I see. Yeah. Looks like percpu makes such fields refcount-like.
For non-percpu non-refcount only one bpf prog on one cpu can observe
that object. That's why we're doing plain bpf_mem_free() for them.

So this patch is a good fix for refcounted, but you and Kumar are
correct that it's not sufficient for the case when percpu struct
includes multiple rb_roots. One for each cpu.

> Changing bpf_mem_free() in
> __bpf_obj_drop_impl() to bpf_mem_free_rcu() should fix this problem.

I guess we can do that when obj is either refcount or can be
insider percpu, but it might not be enough. More below.

> Another thing is related to list_head/rb_root.
> During bpf_obj_free_fields(), is it possible that another cpu
> may allocate a list_node/rb_node and add to list_head/rb_root?

It's not an issue for the single owner case and for refcounted.
Access to rb_root/list_head is always lock protected.
For refcounted the obj needs to be acquired (from the verifier pov)
meaning to have refcount =1 to be able to do spin_lock and
operate on list_head.

But bpf_rb_root_free is indeed an issue for percpu, since each
percpu has its own rb root field with its own bpf_spinlock, but
for_each_cpu() {bpf_obj_free_fields();} violates access contract.

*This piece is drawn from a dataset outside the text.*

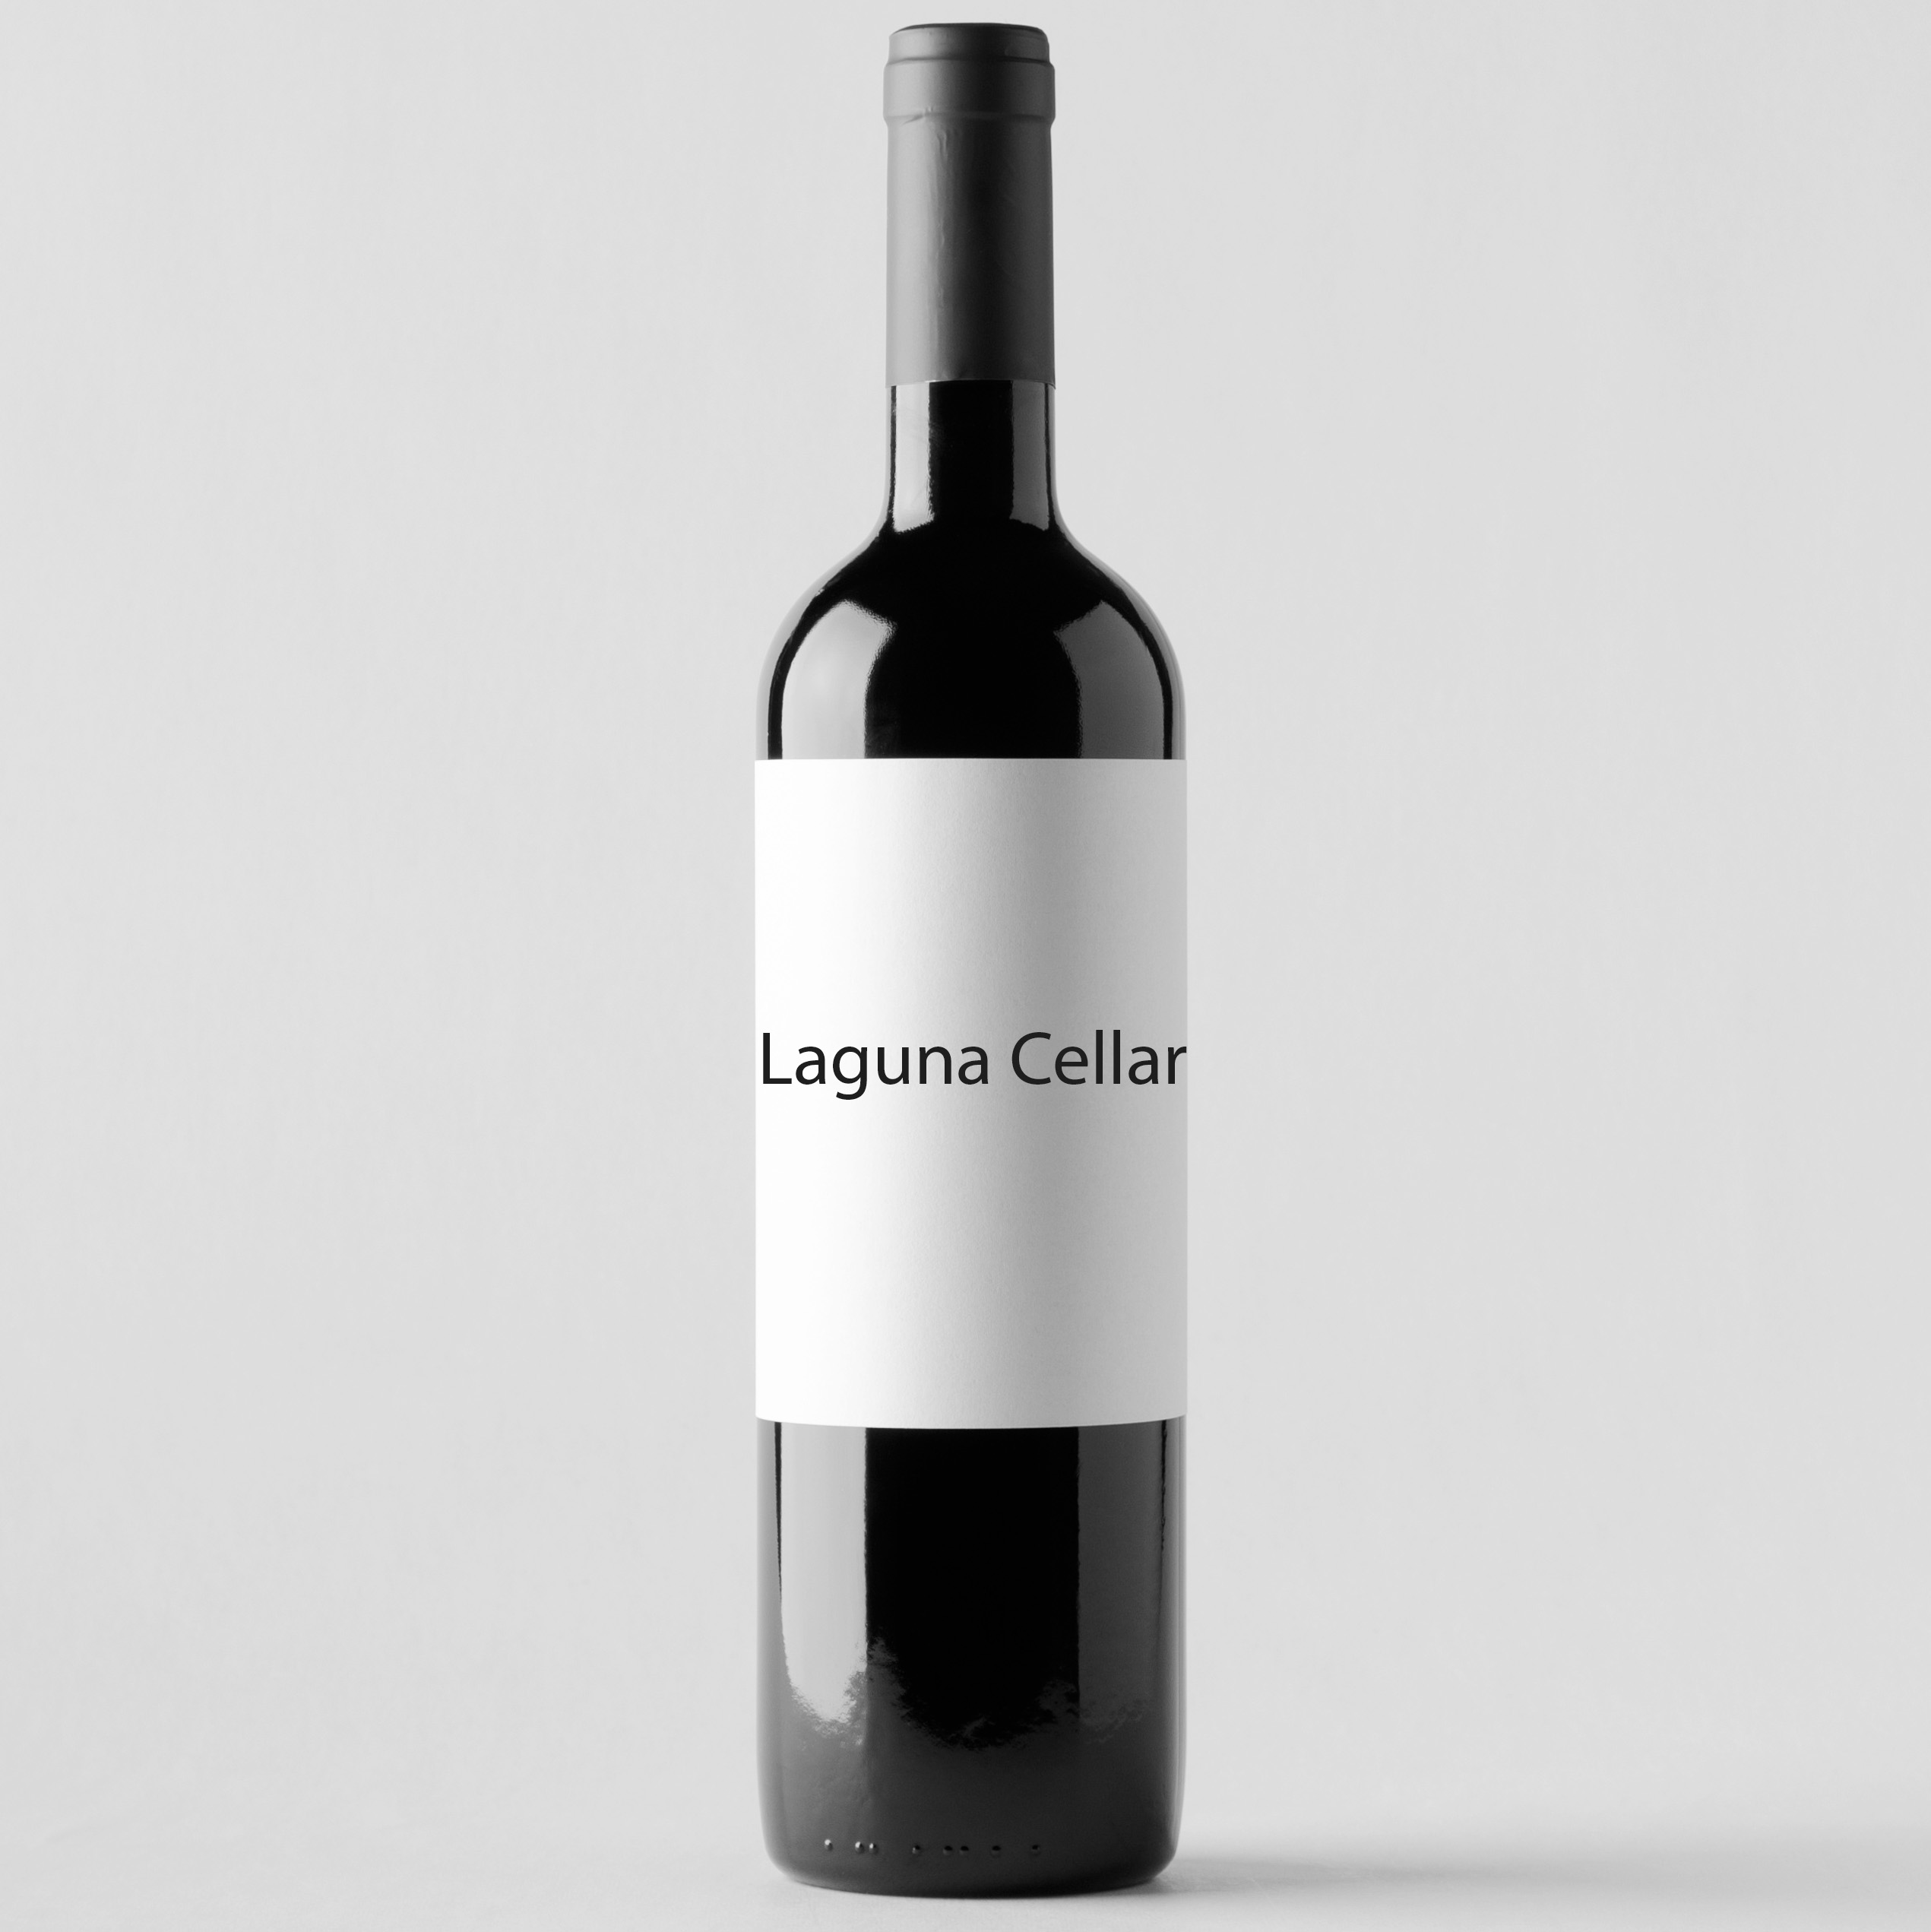 Laguna Cellar featuring Alter Ego de Palmer 2014
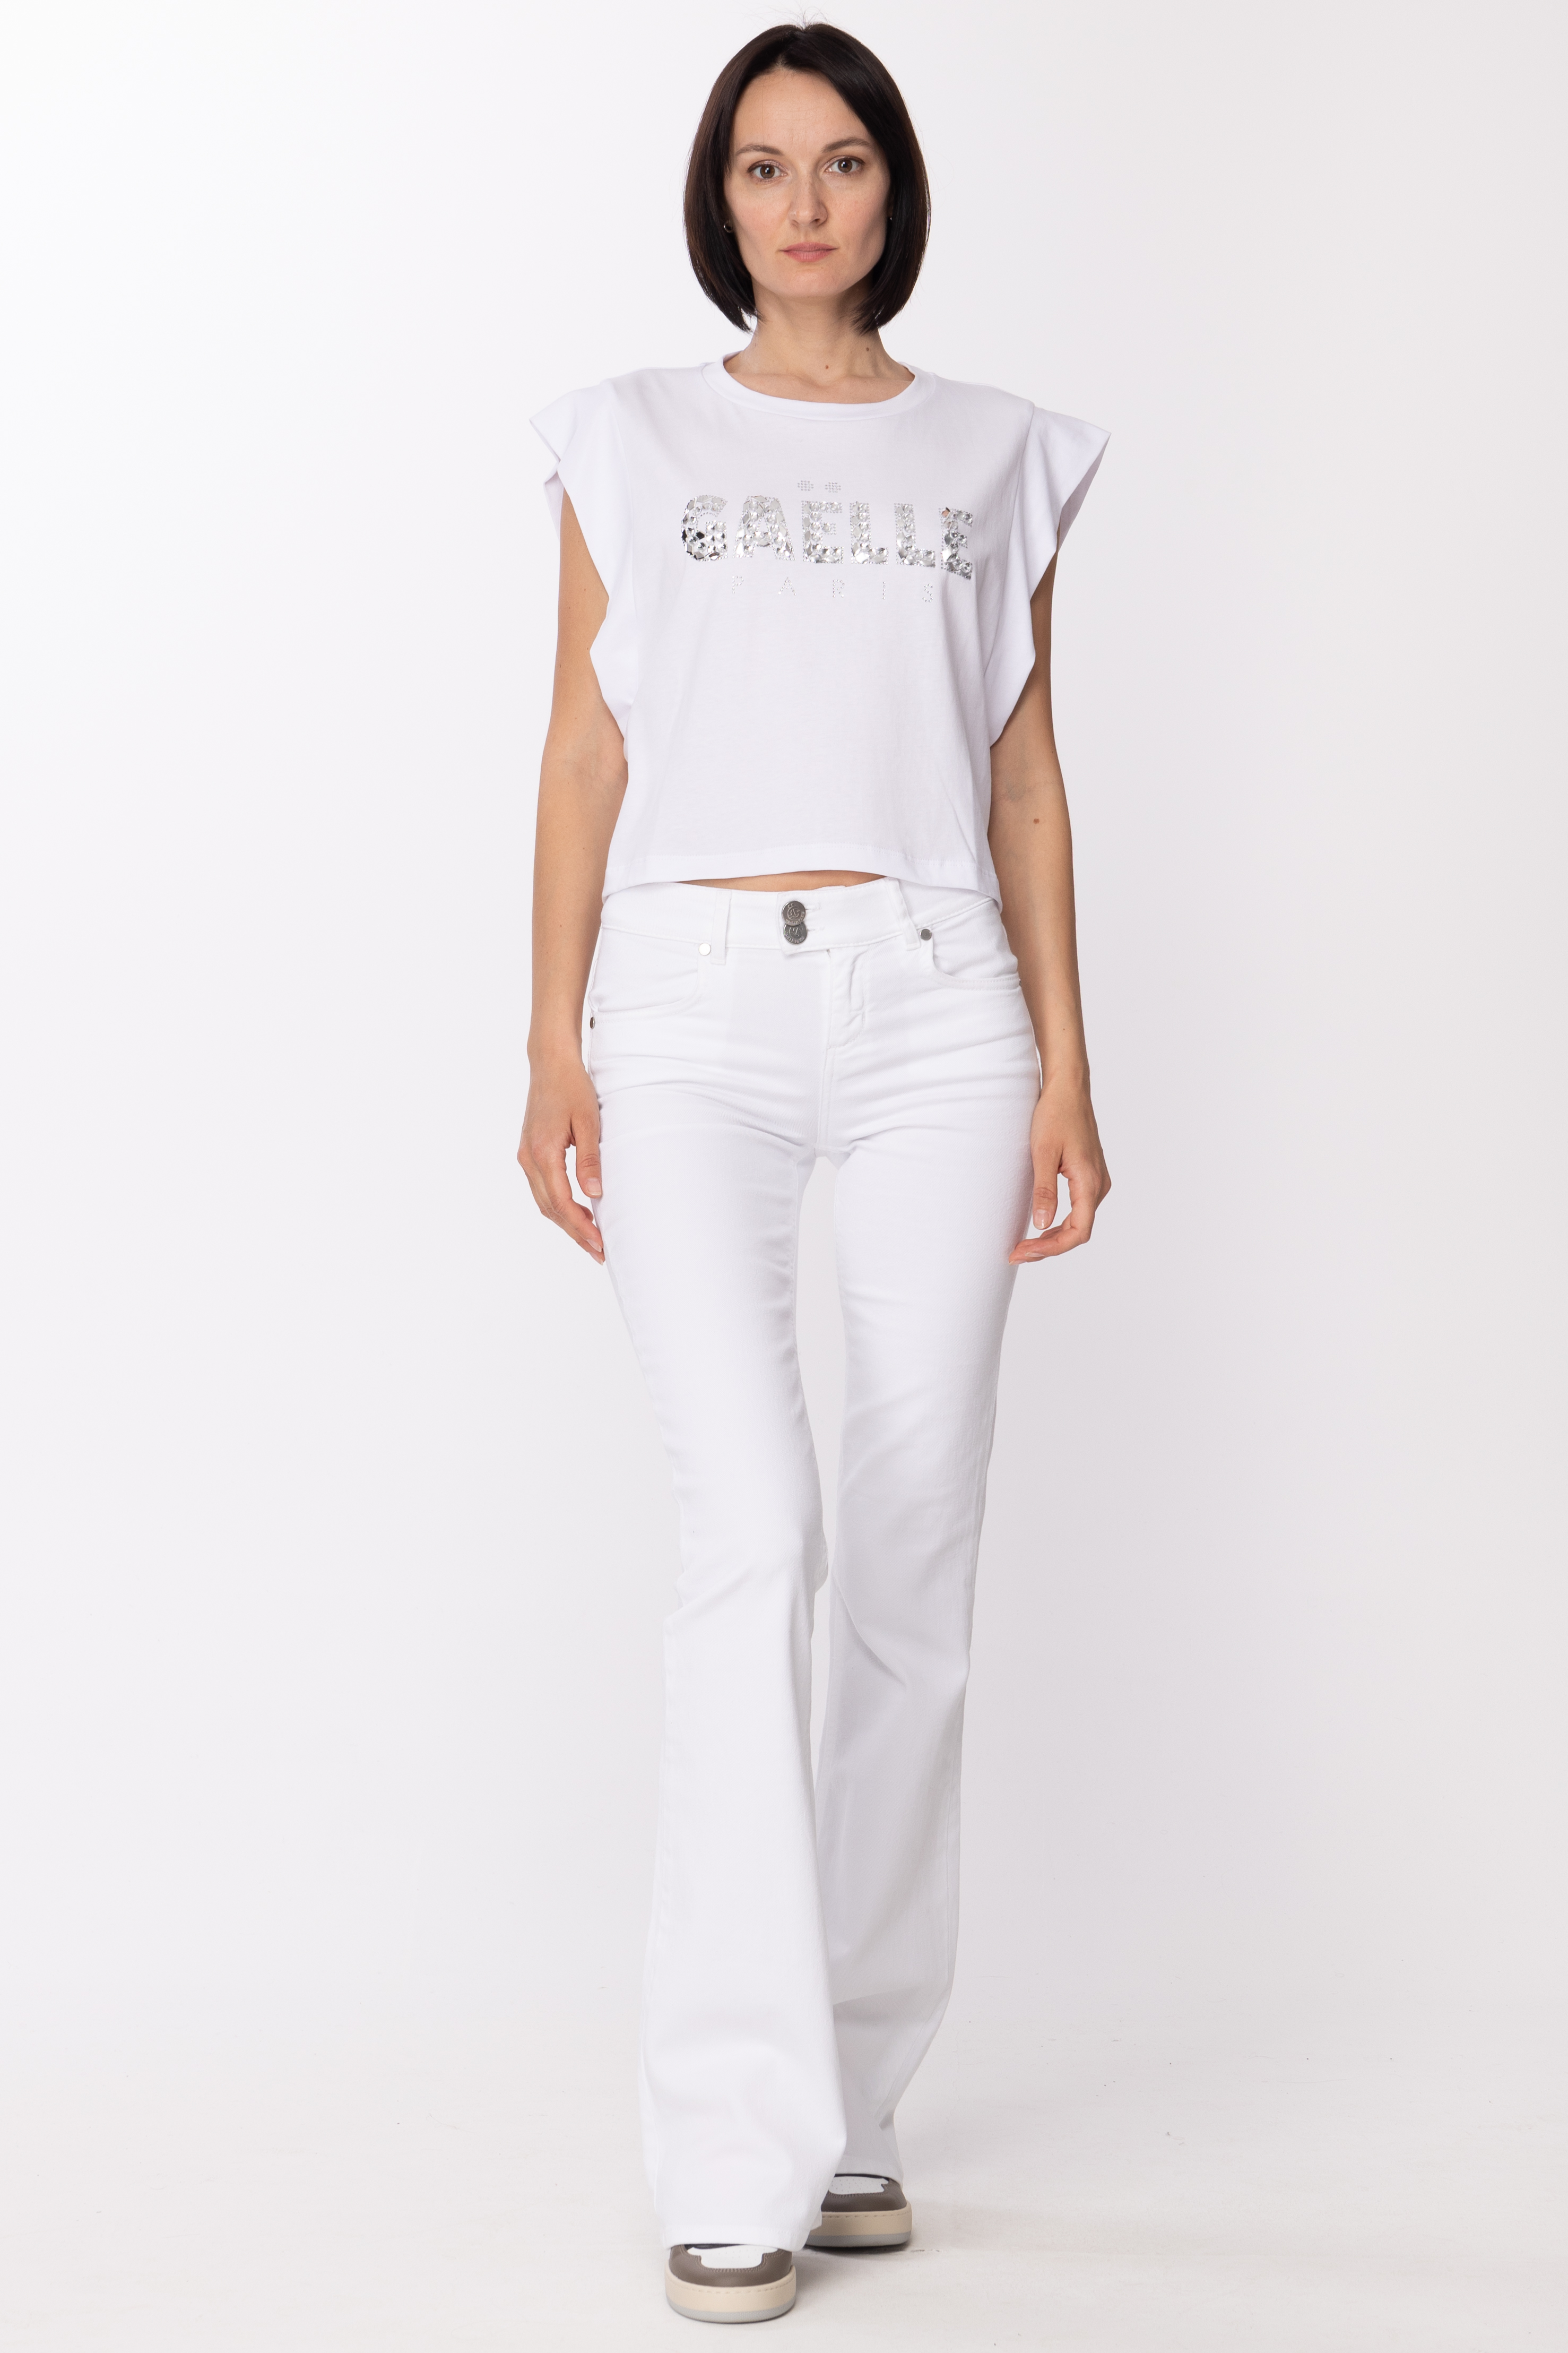 Preview: Gaelle Paris Tshirt with rhinestone logo Bianco

percpu and rb_root creates such a maze of dependencies that
I think it's better to disallow rb_root-s and kptr-s inside percpu
for now.

> If this is true, then we might have a memory leak.
> But I don't whether this is possible or not.
>
> I think local kptr has the issue as percpu kptr.

Let's tackle one at a time.
I still think Dave's patch set is a good fix for recounted,
while we need to think more about percpu case.